Everyone in the business knows how to get words on a page; the real art of publishing is getting people to engage with those words. If you want any hints on how to do this well, take a look at Harlequin, O’Reilly and Tor.

Pirates and Formats

I won’t say too much about piracy and Digital Rights Management, except this: we need a standard format for ebooks, otherwise readers will get very annoyed when they can’t move their books from one device to another. And if you are considering Digital Rights Management to help stop piracy, please follow Brian O’Leary’s research on the topic. He has actual data about sales and piracy, and every publisher should be forced to read it. Conclusions thus far: DRM doesn’t stop piracy; and maybe you don’t want it to.

Where Are We Headed?

So with all this, where are we?
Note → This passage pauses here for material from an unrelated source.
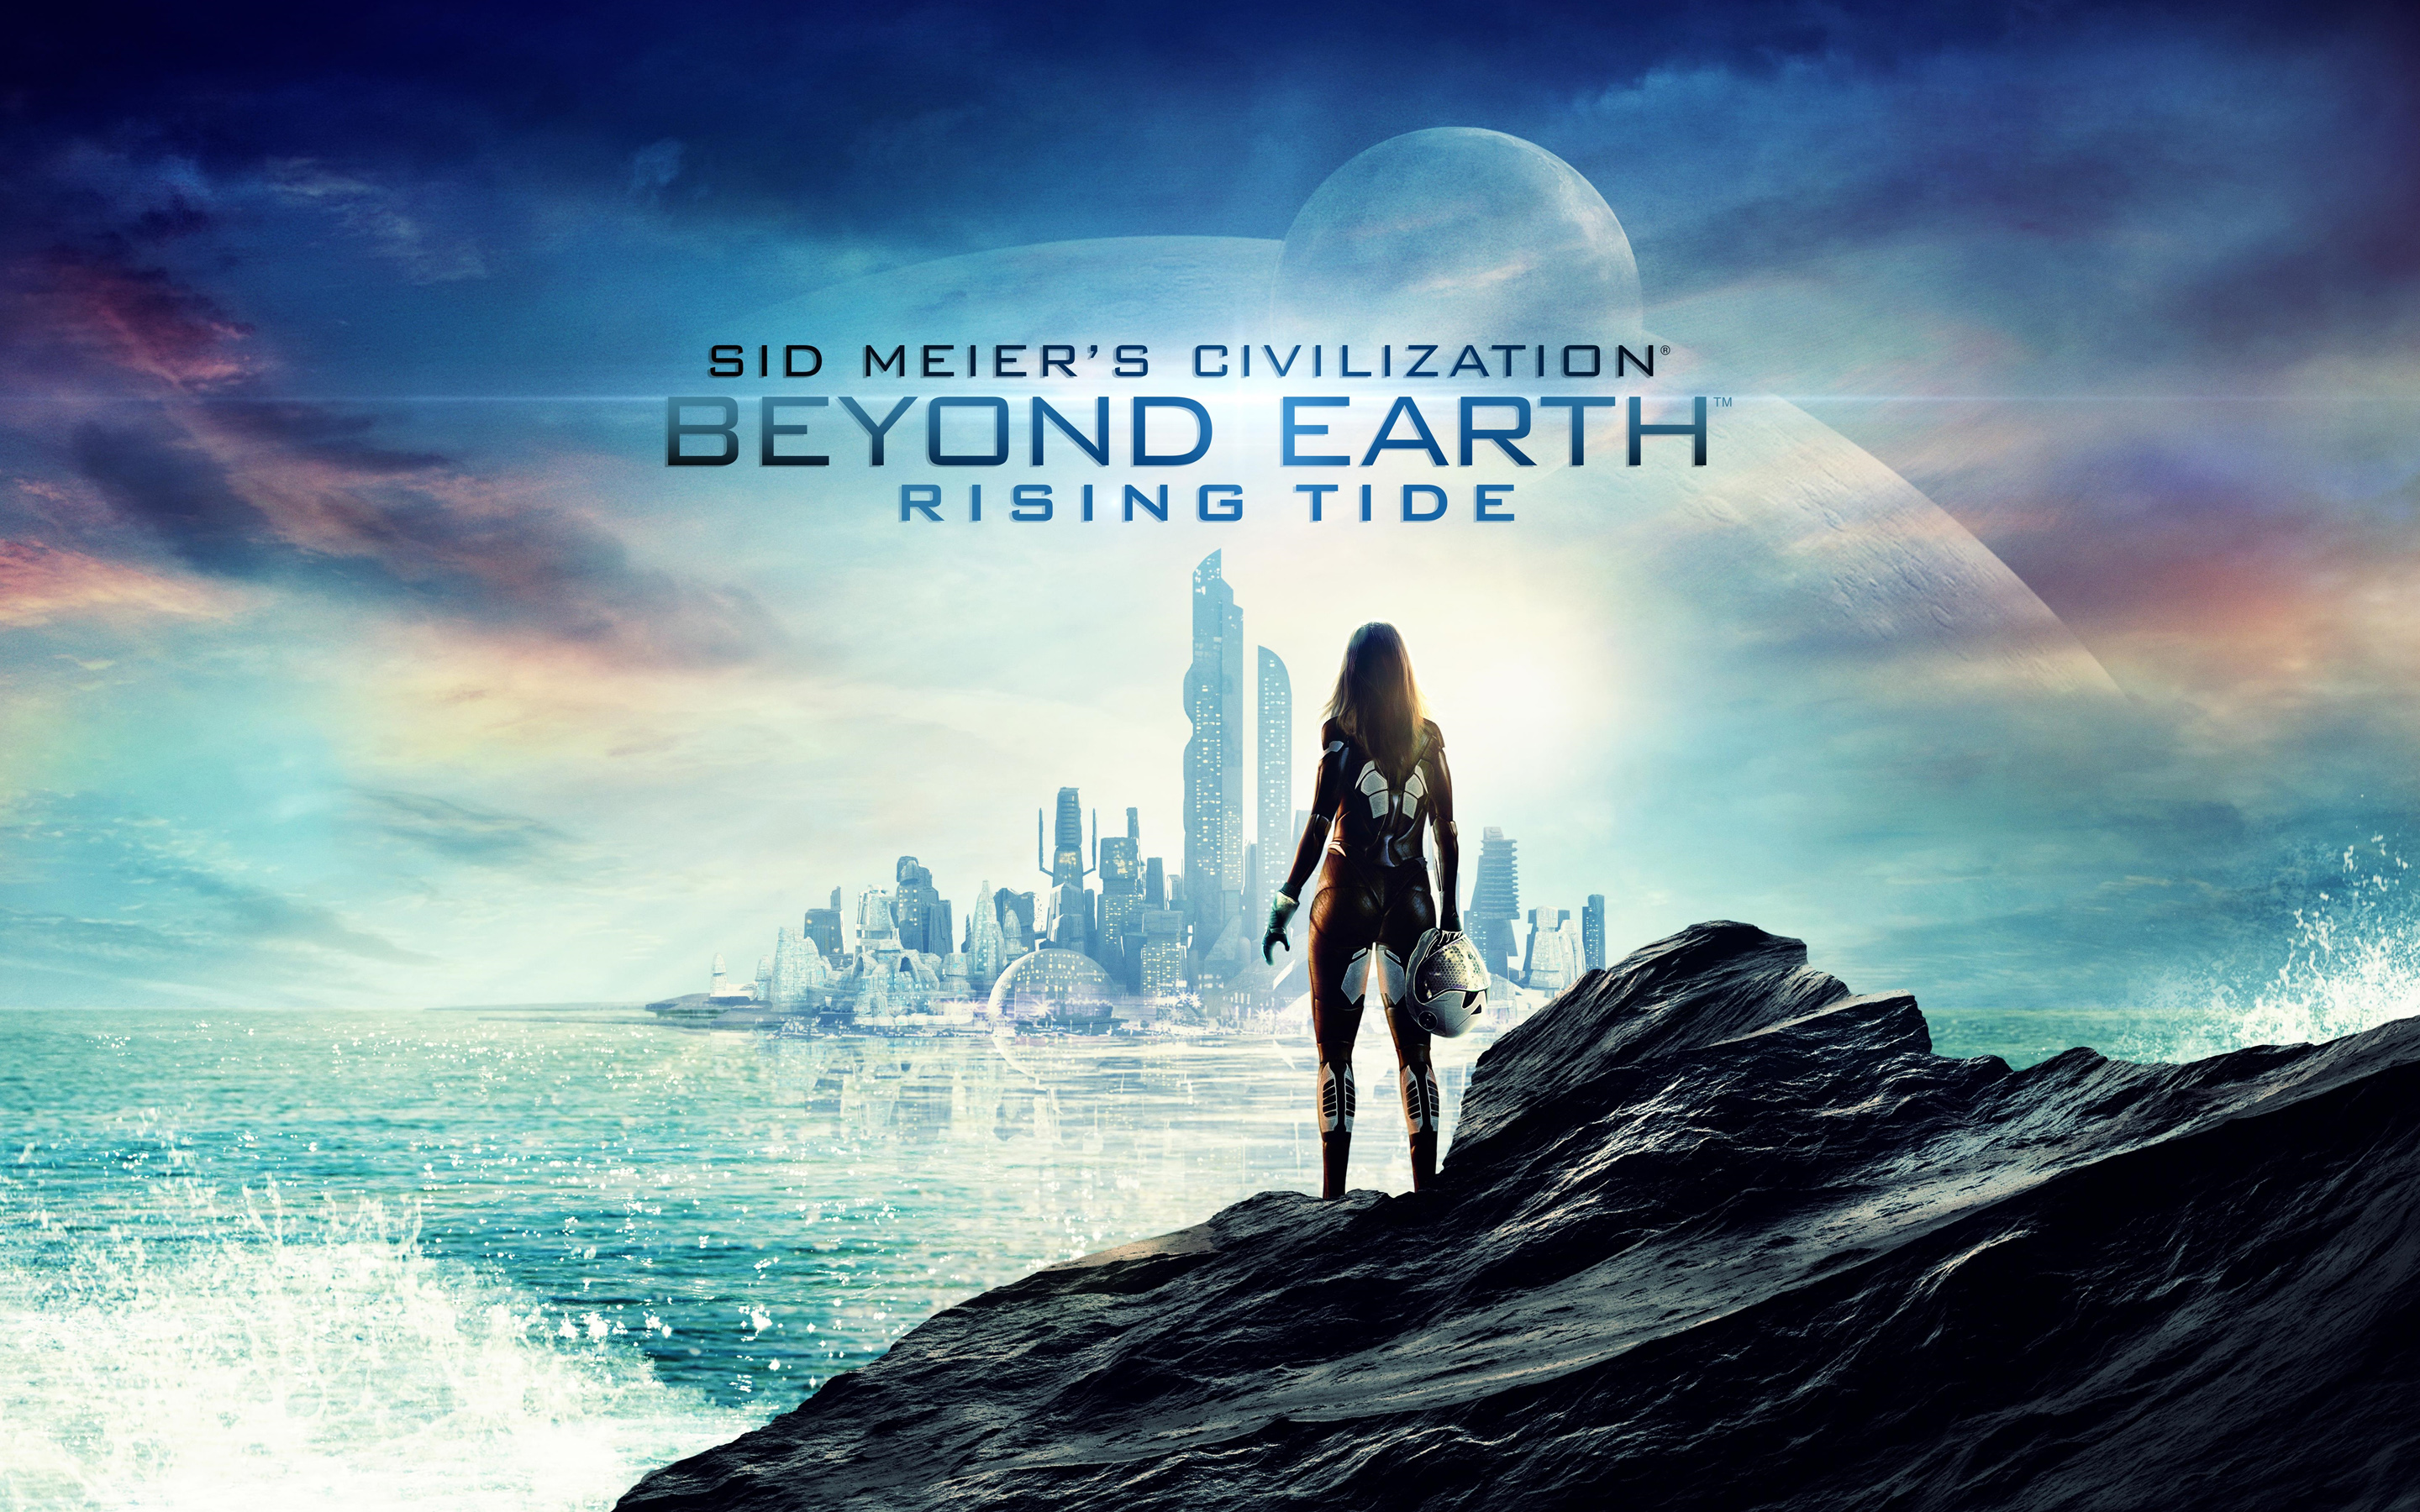 Sid Meier's Civilization Beyond Earth Rising Tide Wallpapers | HD ...
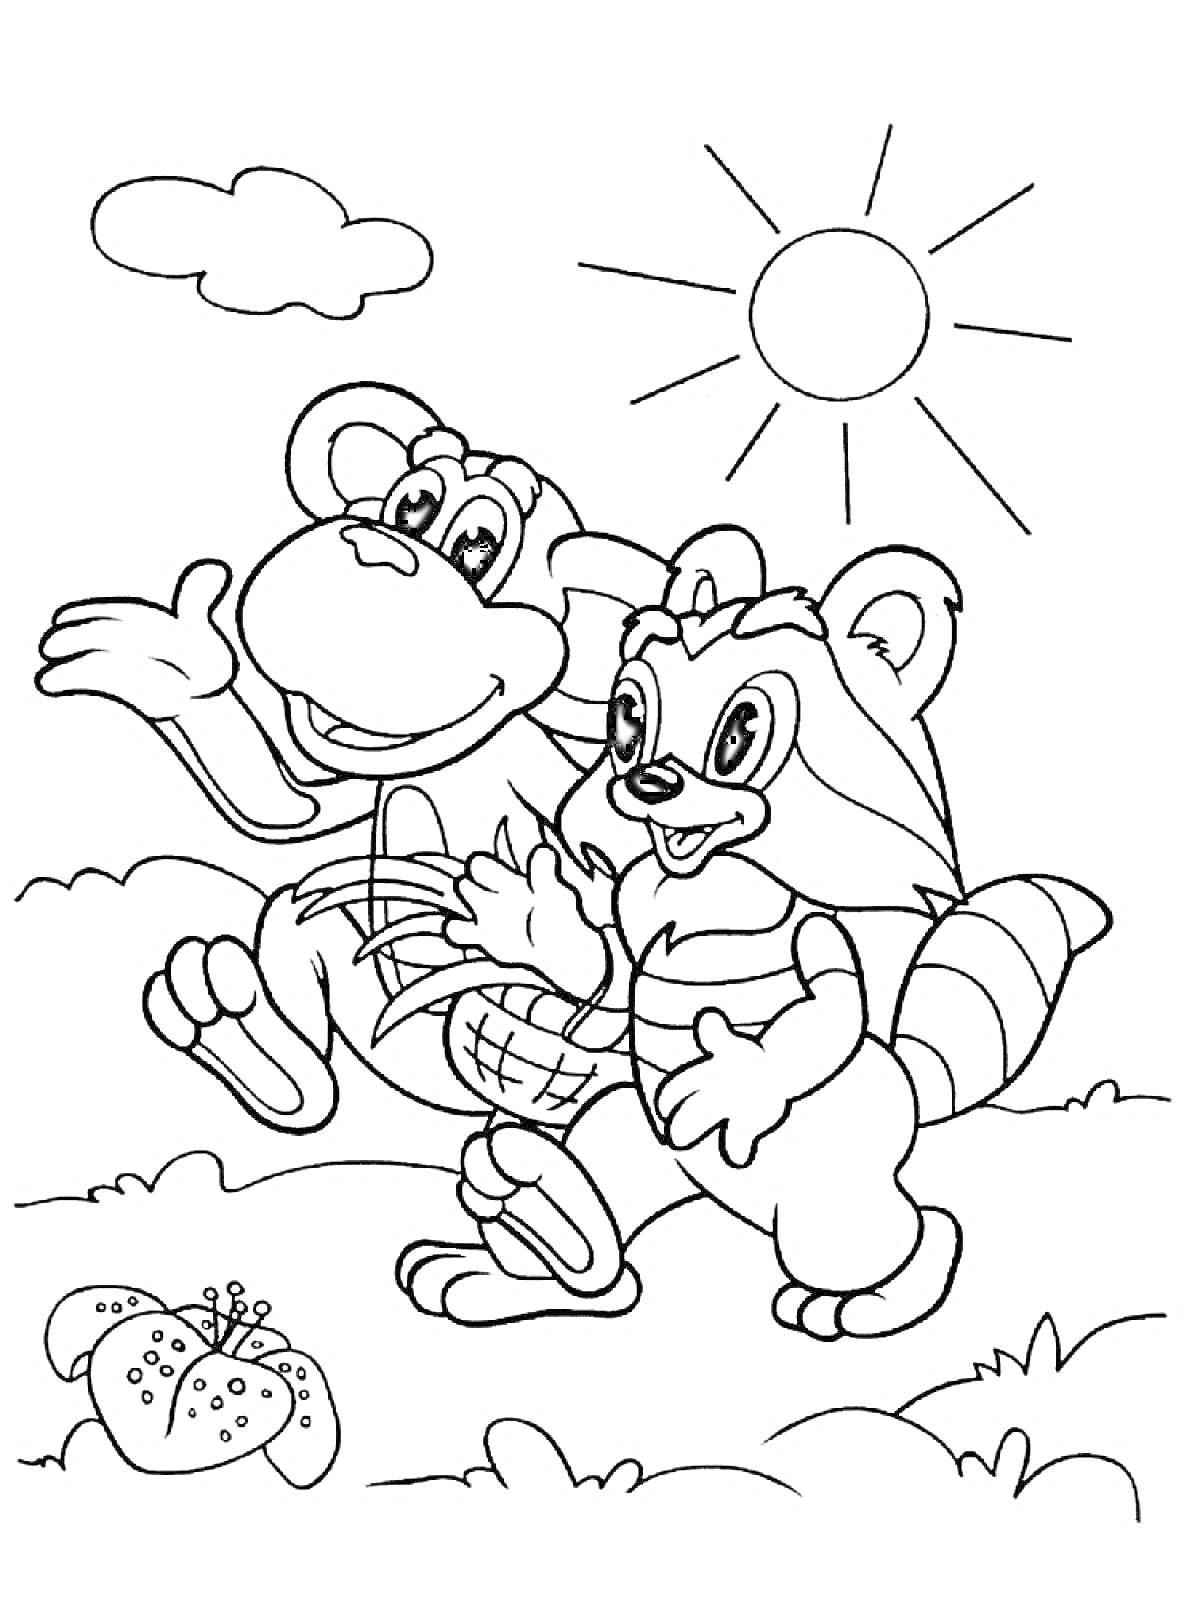 Раскраска Енот и обезьяна на прогулке под солнцем в поле с цветами

Well, here are my predictions:

  • Thin margins will get thinner, and publishing houses will get leaner.
  • More digital and paper book sales will be split 50-50 by … oh … 2016.
  • There will be more consolidation at the top, and a proliferation of small publishing houses at the bottom of the pyramid.
  • Self/independent-publishing will explode.
  • More people than ever will be writing books, but fewer people than ever will be reading books.
  • Publishers who continue to think of retailers as their main clients will suffer and die.
  • Publishers who spend their time asking what readers want (not just what kind of books) will survive and thrive.
  • There will be fewer well-paid writers at the top.
  • There will be more poorly-paid writers everywhere else.
  • There will be a great golden age of wonderful writing and reading.